Prof. Michael Rosenbluh, of the Department of Physics, is one of the founding directors of the Resnick Institute for Advanced Technology and a member of the Nano Photonics Center at the Institute of Nanotechnology and Advanced Materials (BINA).
Rosenbluh’s research is on the properties and uses of light and its interaction with matter in its various forms. His laboratory is involved in the use of ultra-short laser pulses to generate a high flux of correlated and entangled photon pairs.
They are also focused on the fabrication of metallic nanostructure arrays for enhancing Raman scattering and applying plasmonics for enhanced detection. Rosenbluh’s team uses coherent high frequency sidebands created on the output of a diode laser for making miniature atomic clocks, and makes optical waveguides that can be switched and modulated at very high speeds.
They also use chaotic optical sources for random bit generation, optical network communication applications and cryptography. Rosenbluh has also created new technologies which are potentially useful for efficiently harvesting the power of the sun.

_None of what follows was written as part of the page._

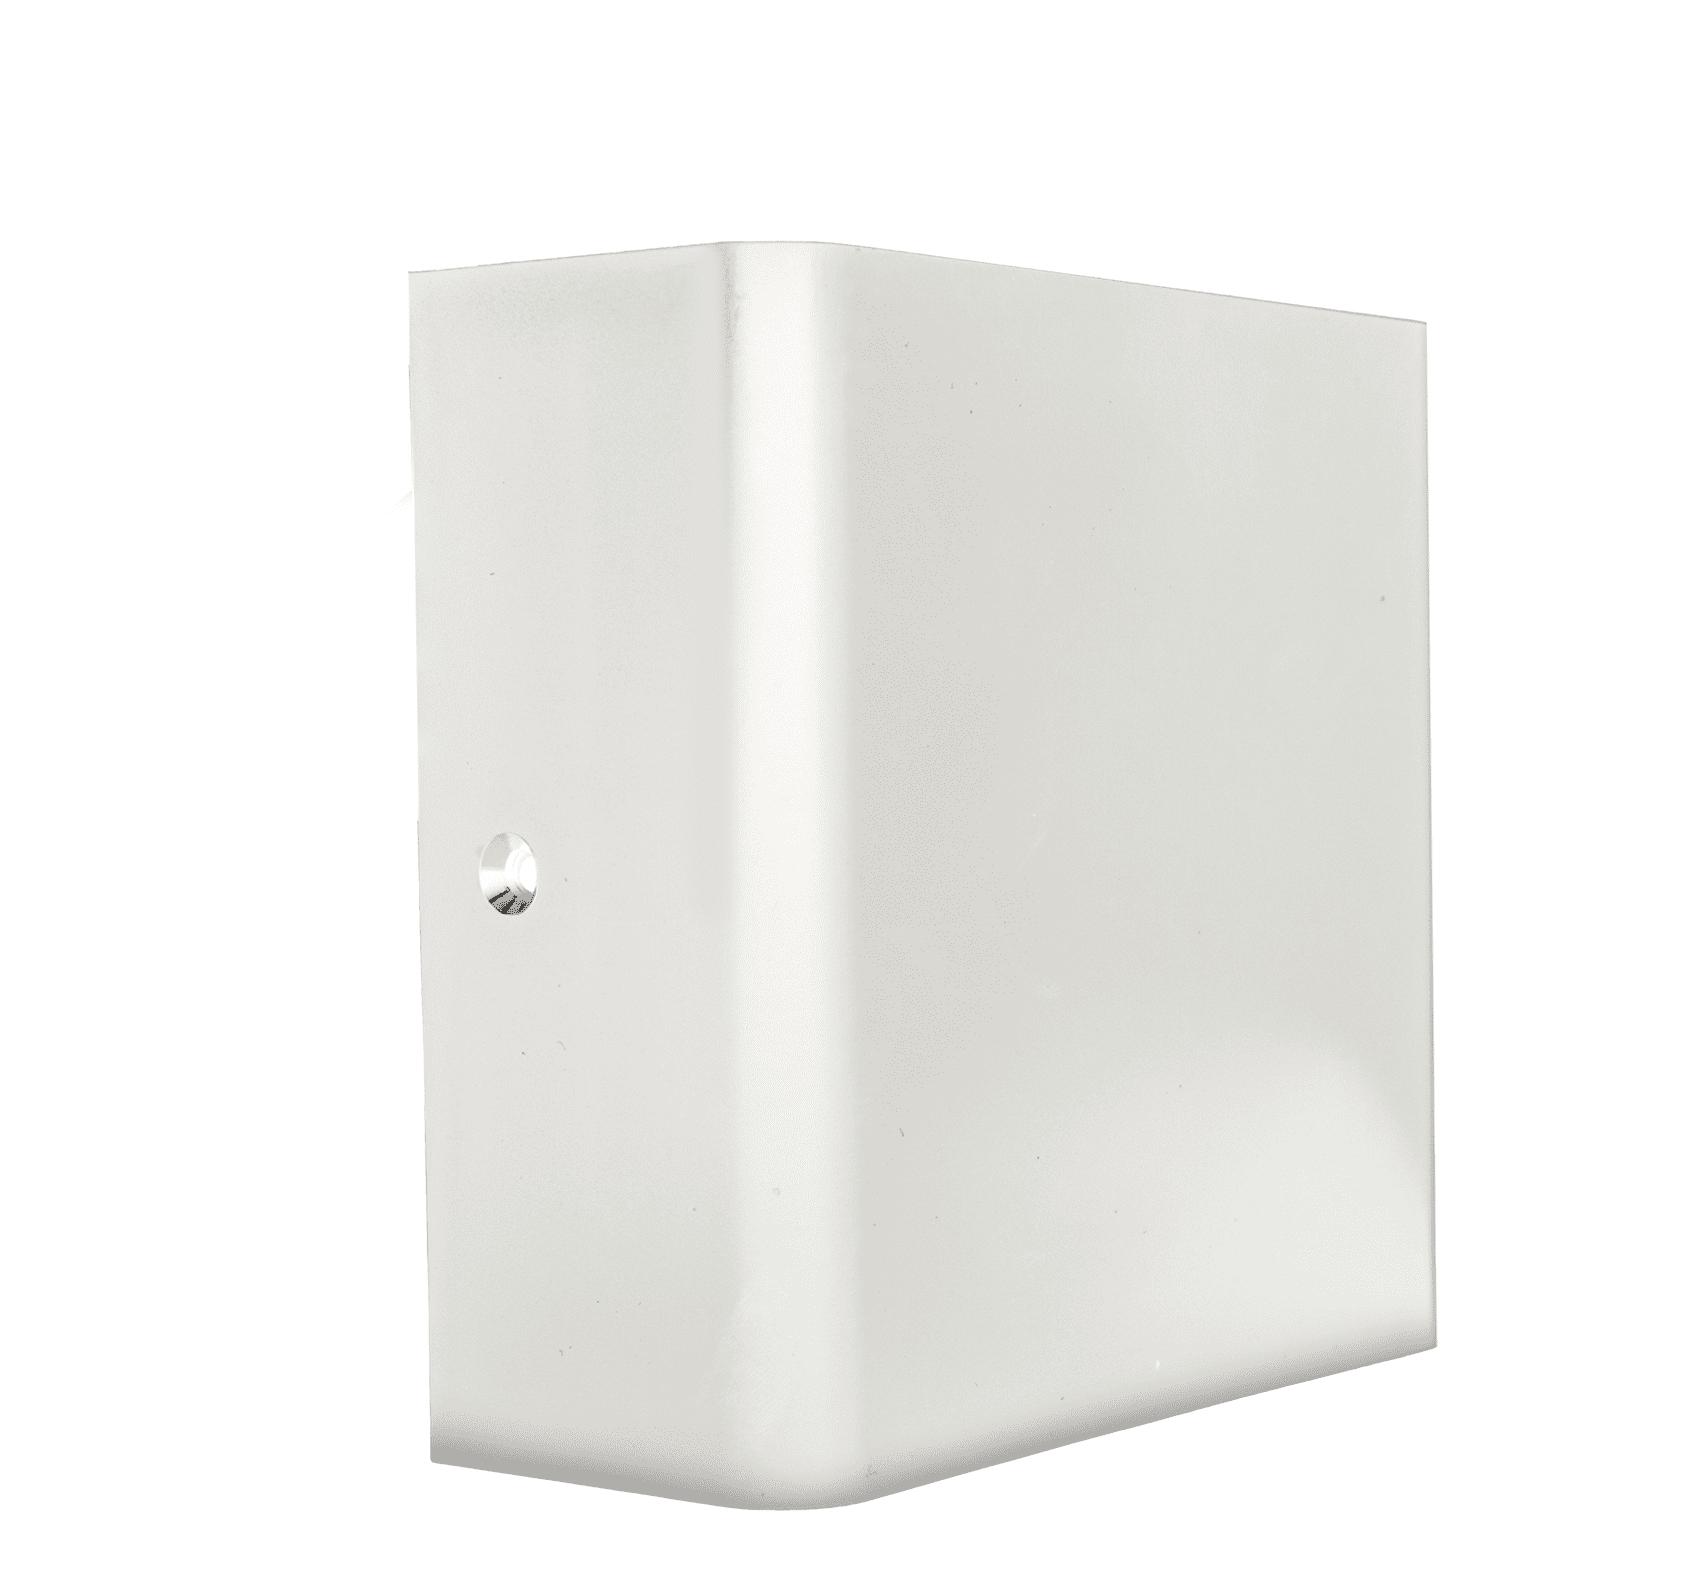 Luminária Arandela de LED Kian 12822 IP65 3W 3000K Branca

In collaboration with industrial partners, Rosenbluh has developed a laser-based atomic clock that is ten times smaller than those currently available and requires a hundred times less power to operate. To improve clock accuracy, his team is working on an atomic beam based compact atomic clock.

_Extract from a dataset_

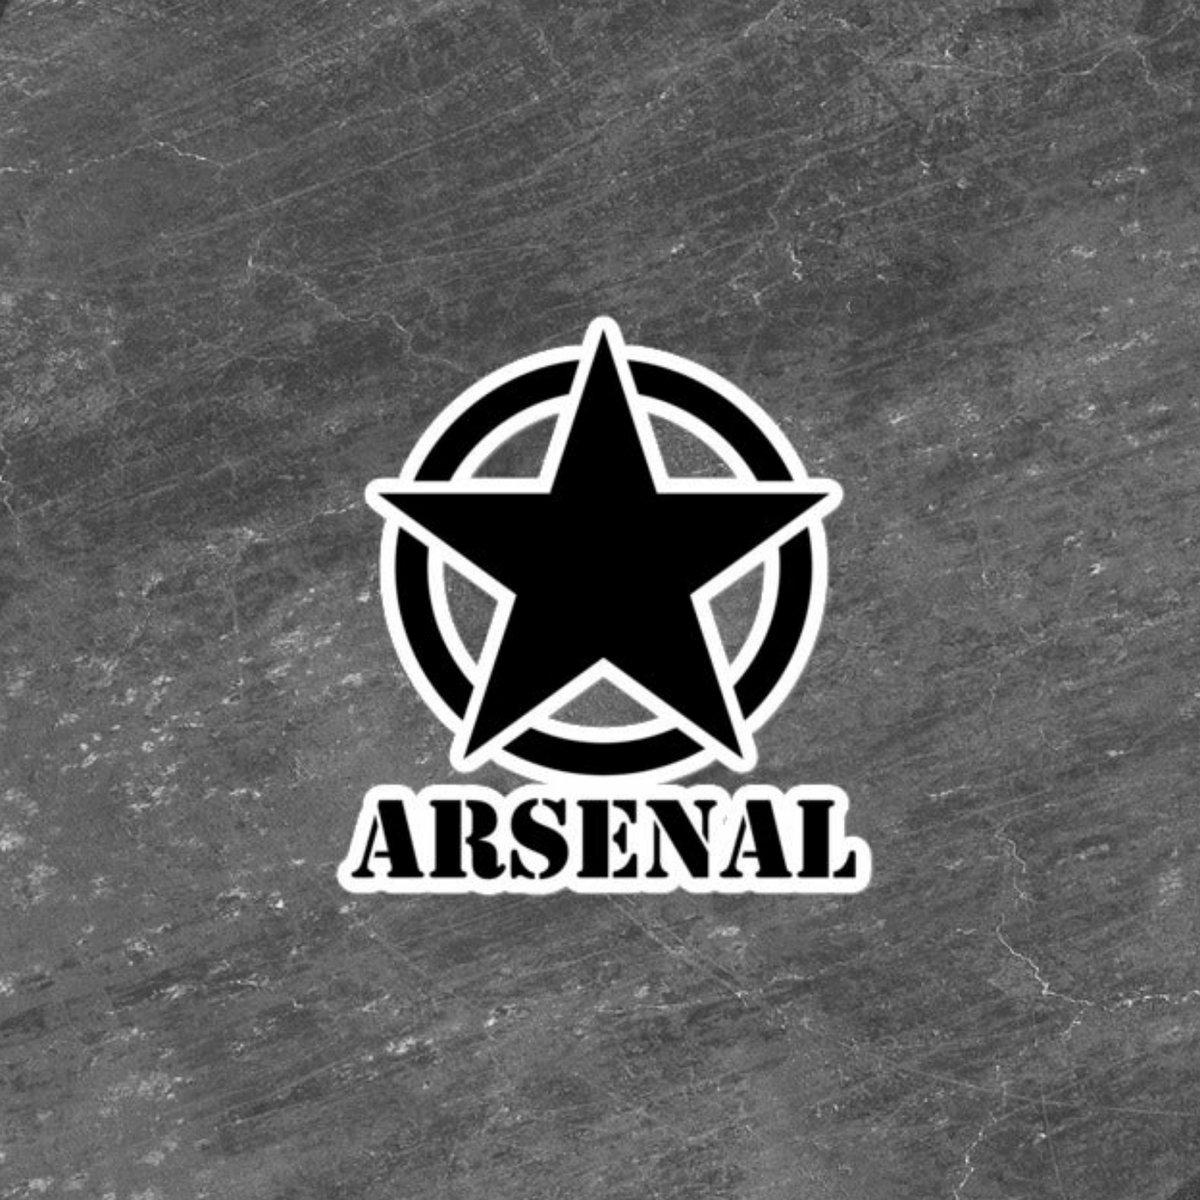 Image of Arsenal Army Sticker

Rosenbluh has also used nanofabrication techniques for making plasmonic nano-arrays, which have been shown to highly enhance surface Raman scattering. Such surface arrays may lead to the creation of more powerful tools for the identification of rare molecules.

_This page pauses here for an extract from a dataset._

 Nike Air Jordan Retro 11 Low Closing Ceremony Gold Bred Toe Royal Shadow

In other applications of plasmonic structures, a novel detector based on a nano-well filled with semiconductor quantum dots and surrounded by a plasmonic lens focusing element has been demonstrated.
In the application of nanofabrication to optical waveguide structures in silicon, Rosenbluh, in collaboration with Prof. Valentine Freilikher of the Department of Physics, has been working on introducing random nanostructures into the waveguide which can be used to optically switch or modulate the waveguide transmission at extremely high speeds.
The scattering of coherent light by the nanostructures is also of great interest in fundamental studies of light localization in scattering media.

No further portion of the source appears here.